LeetCode 266: Palindrome Permutation

Problem Restatement

We are given a string s.

Return True if some permutation of s can form a palindrome.

Return False otherwise.

A palindrome reads the same forward and backward.

For example:

"aba"
"racecar"
"abba"

The order of characters in s can be rearranged. We only need to know whether at least one palindrome arrangement exists.

The constraints are 1 <= s.length <= 5000, and s contains only lowercase English letters. The examples are "code" -> false, "aab" -> true, and "carerac" -> true.

Input and Output

Item	Meaning
Input	A lowercase string `s`
Output	Boolean
Goal	Check whether any permutation of `s` can form a palindrome
Character set	Lowercase English letters

Example function shape:

def canPermutePalindrome(s: str) -> bool:
    ...

Examples

Example 1:

s = "code"

Character counts:

Character	Count
`c`	1
`o`	1
`d`	1
`e`	1

There are four characters with odd counts.

A palindrome can have at most one odd-count character.

Answer:

False

Example 2:

s = "aab"

Character counts:

Character	Count
`a`	2
`b`	1

Only b has an odd count.

We can arrange the string as:

"aba"

Answer:

True

Example 3:

s = "carerac"

Character counts:

Character	Count
`c`	2
`a`	2
`r`	2
`e`	1

Only e has an odd count.

A valid palindrome arrangement exists.

Answer:

True

First Thought: Generate Permutations

A direct approach is to generate every permutation of s, then check whether any permutation is a palindrome.

For "aab", possible permutations include:

"aab"
"aba"
"baa"

Since "aba" is a palindrome, the answer is True.

This approach is correct, but it is far too expensive.

Problem With Brute Force

A string of length n can have up to:

n!

permutations.

Even for moderate n, this becomes impossible.

We need a way to decide whether a palindrome can exist without constructing the palindrome.

Key Insight

A palindrome mirrors characters around its center.

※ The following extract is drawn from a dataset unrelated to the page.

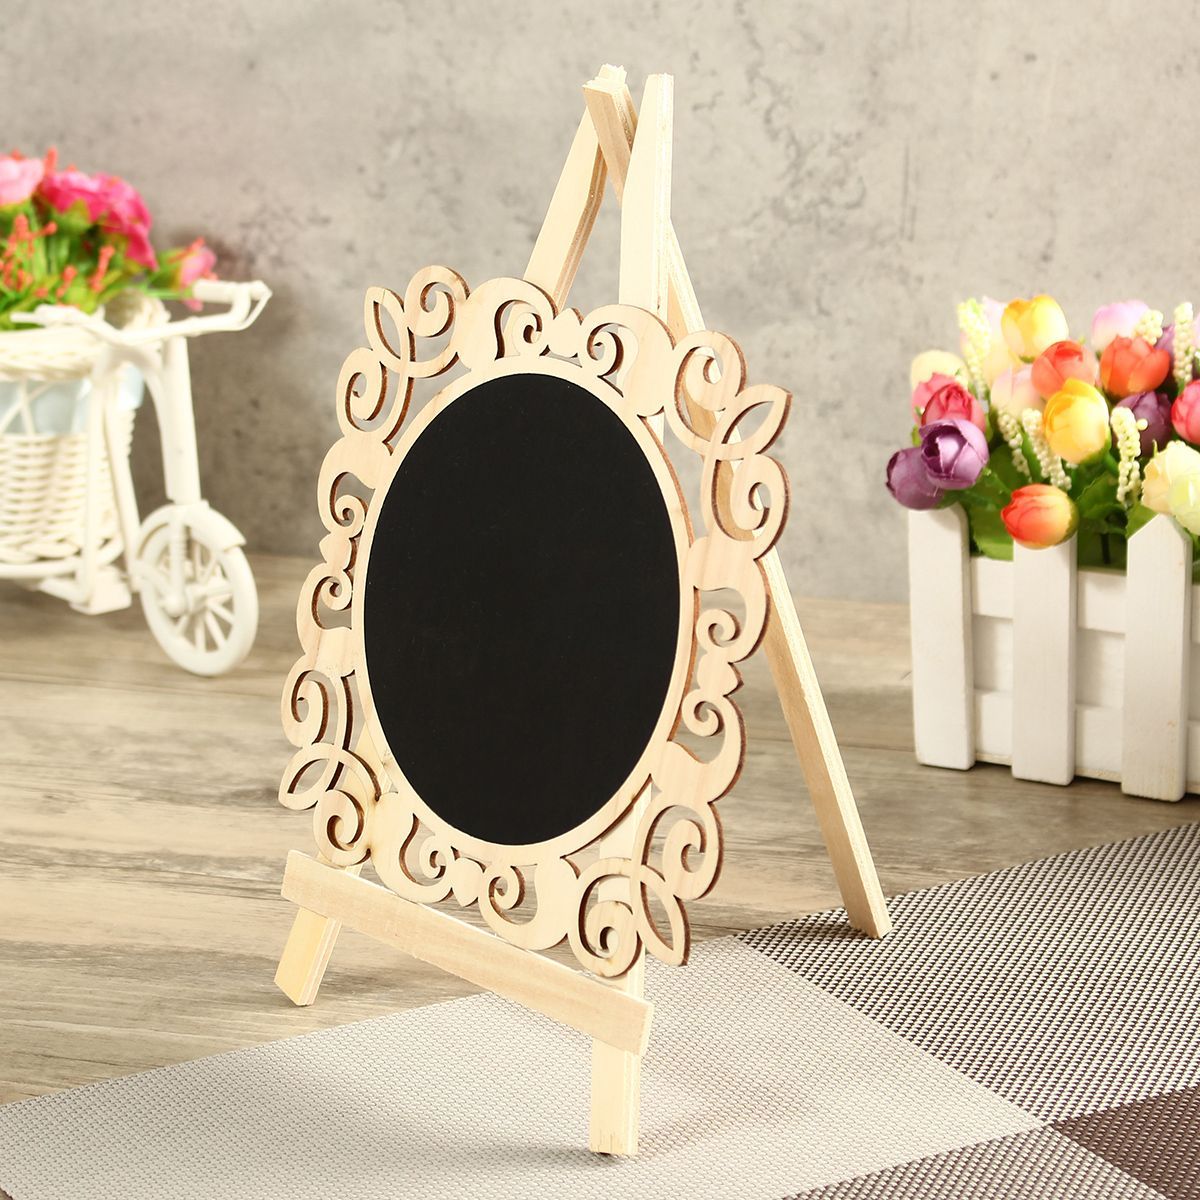 Mini-Vintage-Wooden-Blackboard-Table-Number-Signs-Message-Memo-Chalk-Board-Party-Decorations-1392943

For an even-length palindrome:

"abba"

every character appears an even number of times.

For an odd-length palindrome:

"abcba"

exactly one character may appear an odd number of times. That character goes in the middle.

So the rule is:

A string can be permuted into a palindrome if and only if at most one character has an odd frequency.

Algorithm

Count how many times each character appears.
Count how many characters have odd frequency.
Return True if the odd count is at most 1.
Otherwise return False.

Walkthrough

Use:

s = "carerac"

Count characters:

c -> 2
a -> 2
r -> 2
e -> 1

Odd-count characters:

There is only one odd-count character.

So a palindrome permutation exists.

Return:

True

Use:

s = "code"

Count characters:

c -> 1
o -> 1
d -> 1
e -> 1

There are four odd-count characters.

A palindrome cannot have four middle characters.

Return:

False

Correctness

In any palindrome, every character on the left side must be matched by the same character on the right side.

Therefore, every character must appear an even number of times, except possibly one character placed in the center of an odd-length palindrome.

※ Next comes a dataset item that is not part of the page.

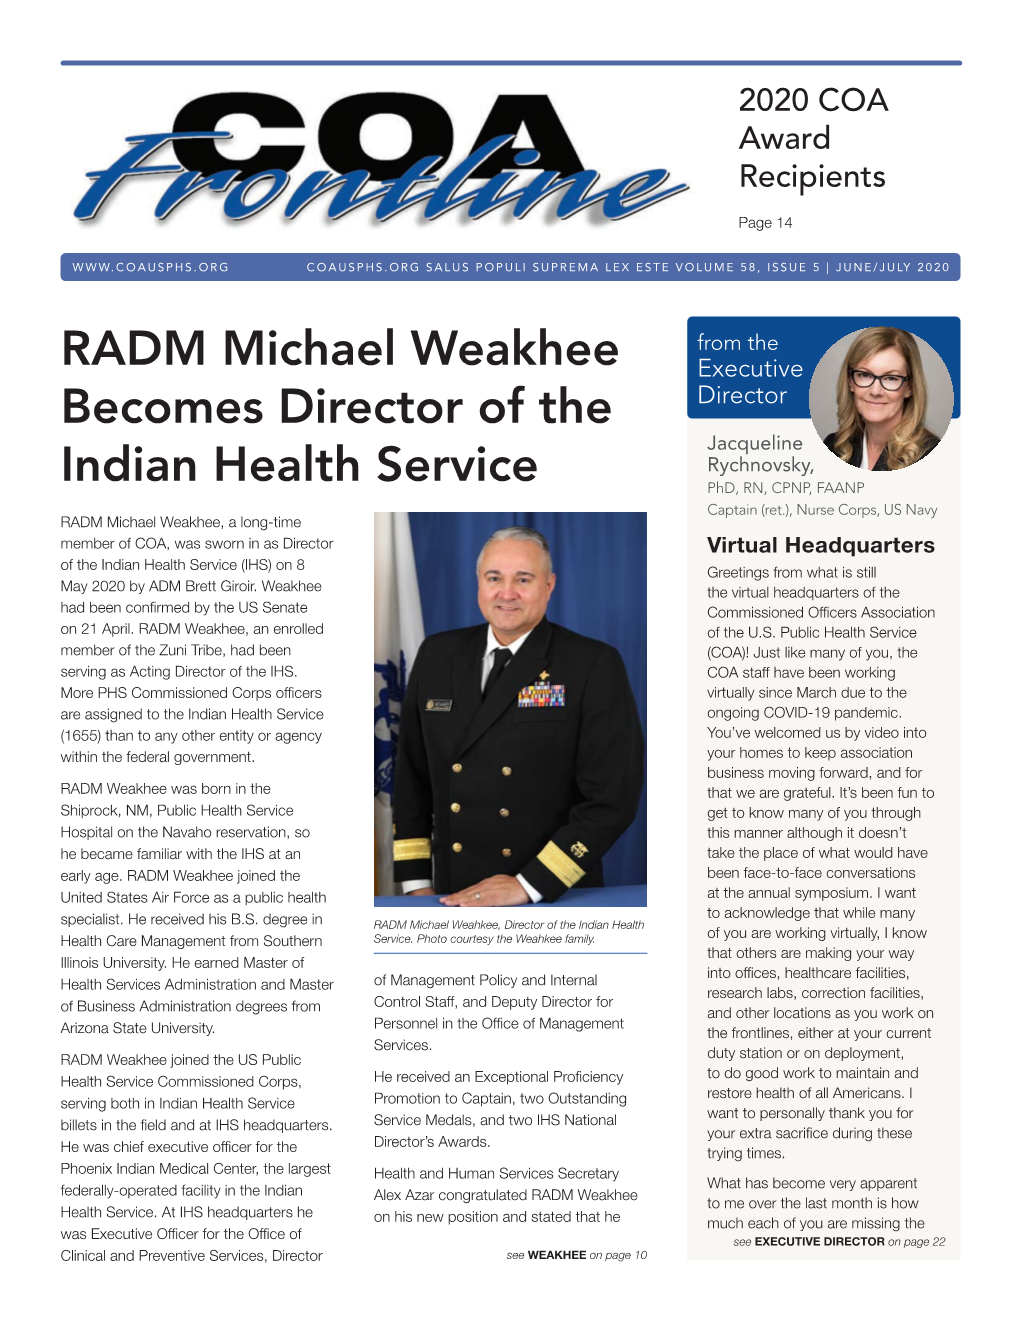 RADM Michael Weakhee Becomes Director of the Indian Health Service

So if more than one character has an odd count, no palindrome permutation can exist.

If zero or one character has an odd count, we can place half of each character on the left side, mirror those characters on the right side, and place the one odd-count character in the center when it exists.

Therefore the algorithm returns True exactly when a palindrome permutation exists.

Complexity

Metric	Value	Why
Time	`O(n)`	We scan the string once
Space	`O(1)`	There are only 26 lowercase letters

Implementation

class Solution:
    def canPermutePalindrome(self, s: str) -> bool:
        freq = [0] * 26

        for ch in s:
            freq[ord(ch) - ord("a")] += 1

        odd_count = 0

        for count in freq:
            if count % 2 == 1:
                odd_count += 1

                if odd_count > 1:
                    return False

        return True

Code Explanation

We use an array of size 26:

freq = [0] * 26

Each lowercase letter maps to an index:

ord(ch) - ord("a")

Then we count frequencies:

freq[ord(ch) - ord("a")] += 1

After counting, we count how many frequencies are odd:

if count % 2 == 1:
    odd_count += 1

If more than one odd count appears:

if odd_count > 1:
    return False

At the end, zero or one odd count means a palindrome permutation is possible.

Alternative: Toggle a Set

Another clean method stores characters with odd frequency.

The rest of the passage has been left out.